I dreamt about her last night. We were visiting a college I wanted to go to. I was younger, she was younger and we were happy and healthy.

Walking the campus, I noticed a water spigot that had been left running and was causing some water to pool in a parking lot. “Watch this,” I told my mom as I floated a few inches above the water to get to the spigot, never touching the ground. I floated all the way back to her and touched down with a smile. I expected her to be surprised, shocked, but instead my mom silently walked me into an empty auditorium, said, “Watch this,” and proceeded to rise from the ground and fly to the ceiling of this huge auditorium. I rose up next to her, going well beyond the few inches I’d thought were my flying limit. We flew together holding hands and laughing. When we touched back down, the room filled with people, and though I thought she was right behind me, when I left the room I realized I had left her behind. I found her hours later, asleep on the floor while people danced around the room. She was still joyful when she woke, rubbing the kink out of her neck. 

I’ve always had vivid dreams and so did she. My childhood mornings were full of half remembered stories from her dreams. Things that didn’t make sense, fantastical plots, beasts, strange and sometimes scary visions she would share with us while making breakfast. My father would shake his head and laugh them off. And so would we, her daughters, as we grew older. 

A dream of hers I heard about often in my childhood scared me more than a little. One morning, after a night of troubled sleep and vivid dreams, my Mami woke in the apartment in Arlington, Virginia, where she, my father, and two sisters lived, screaming about an earthquake. She got out of bed panicked, asking if everyone was ok. With wide eyes, my father had informed her that there had been no earthquake, not a tremor. She looked around the room and saw that nothing was out of place. In her dream, plates had fallen off of shelves, walls had cracked. My father laughed and wandered off—just another one my mom’s wild dreams. 

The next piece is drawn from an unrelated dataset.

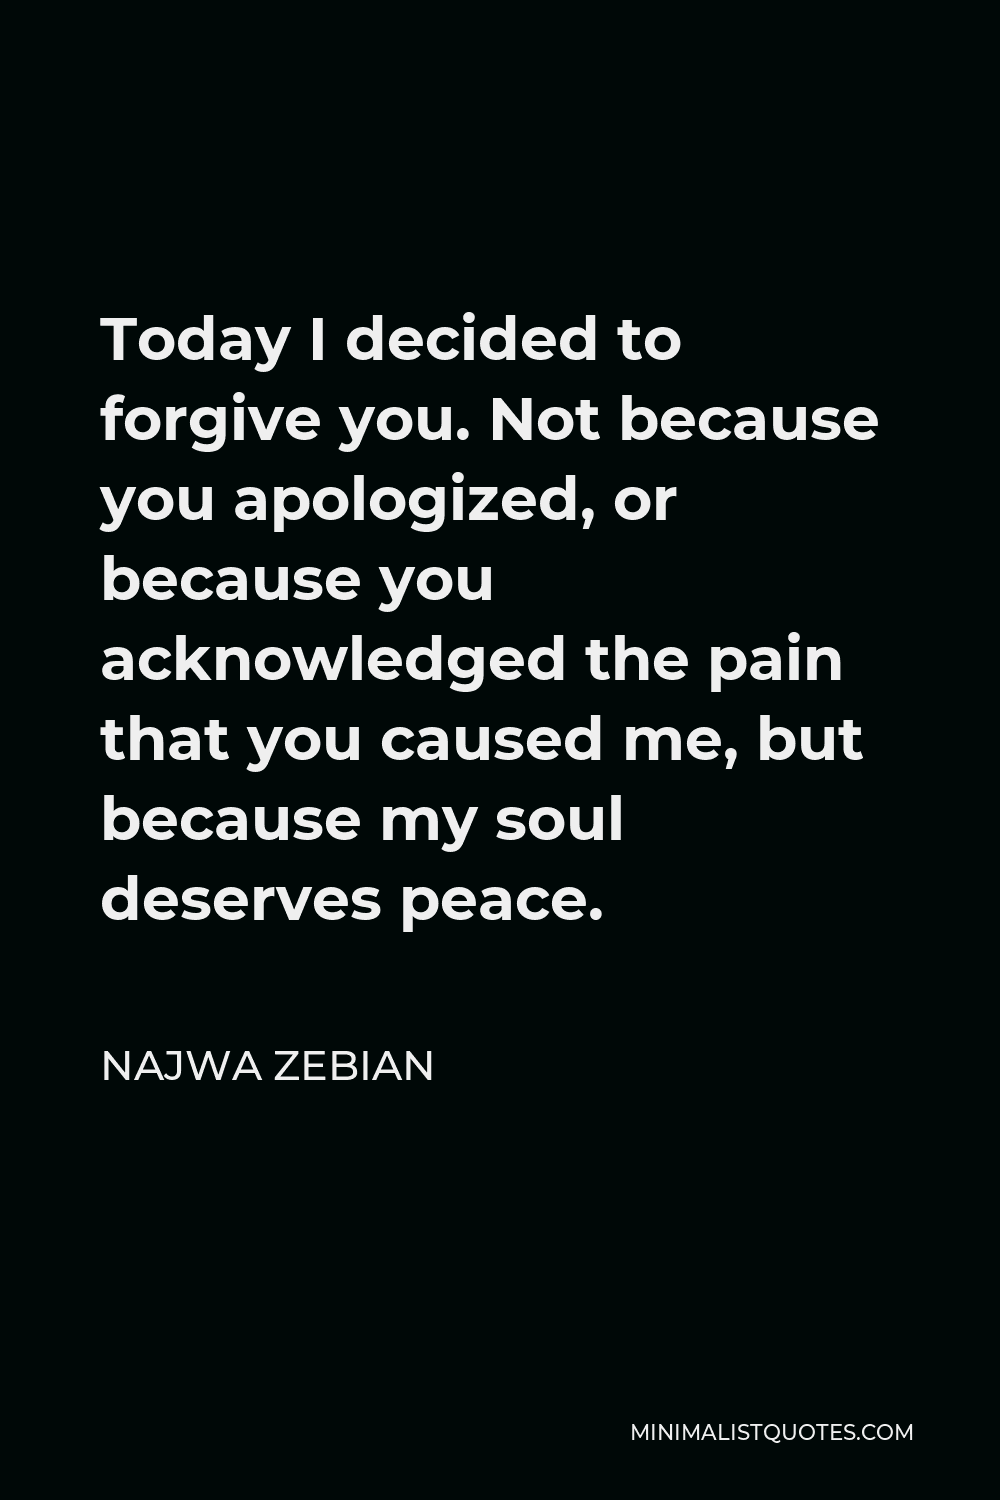 Najwa Zebian Quote - Today I decided to forgive you. Not because you apologized, or because you acknowledged the pain that you caused me, but because my soul deserves peace.

The next day, a 7.5 magnitude earthquake hit Guatemala, 100 miles north of Guatemala City where my abuelita and Tia lived. They felt the earth shake and plates fell off the walls. Around the fault line, the earthquake triggered 10,000 landslides and there was severe loss of life. 

That was the most extreme example of my mom’s “special powers” of premonition, but on a regular basis, a phone call from a friend she hadn’t heard from for years would be greeted with the saying, “la llame con mis pensamientos”, “I called you with my thoughts”. She would regularly know who was calling before she picked up the phone in the time before caller id. “Weird!” my sisters and I would say when she’d tell us how she hadn’t talked to a friend from Guate in five years but dreamt of her the night before and the friend called first thing the next morning.  As I got older, she and I regularly exchanged this greeting when we’d call each other at exactly the same moment or her call came exactly when I was thinking of her.  

And then there were the stories she’d tell us about the quetzal, the magnificent national bird of Guatemala. With its bright red chest, green plumage and long tail, its beauty is revered.  Guatemala named its currency after the bird and it’s considered a sin to keep quetzals in confinement. My mom would tell how when the Spanish conquistadors came to fight the Quiche Indians for their land, the quetzals fought alongside the Quiche, blinding the conquistadors in battle by flying low and confusing them with their long tails. My Brazilian dad would laugh and say no wonder the Spanish ended up with all of Latin America except for Brazil if the native people only had tiny green birds to help them. 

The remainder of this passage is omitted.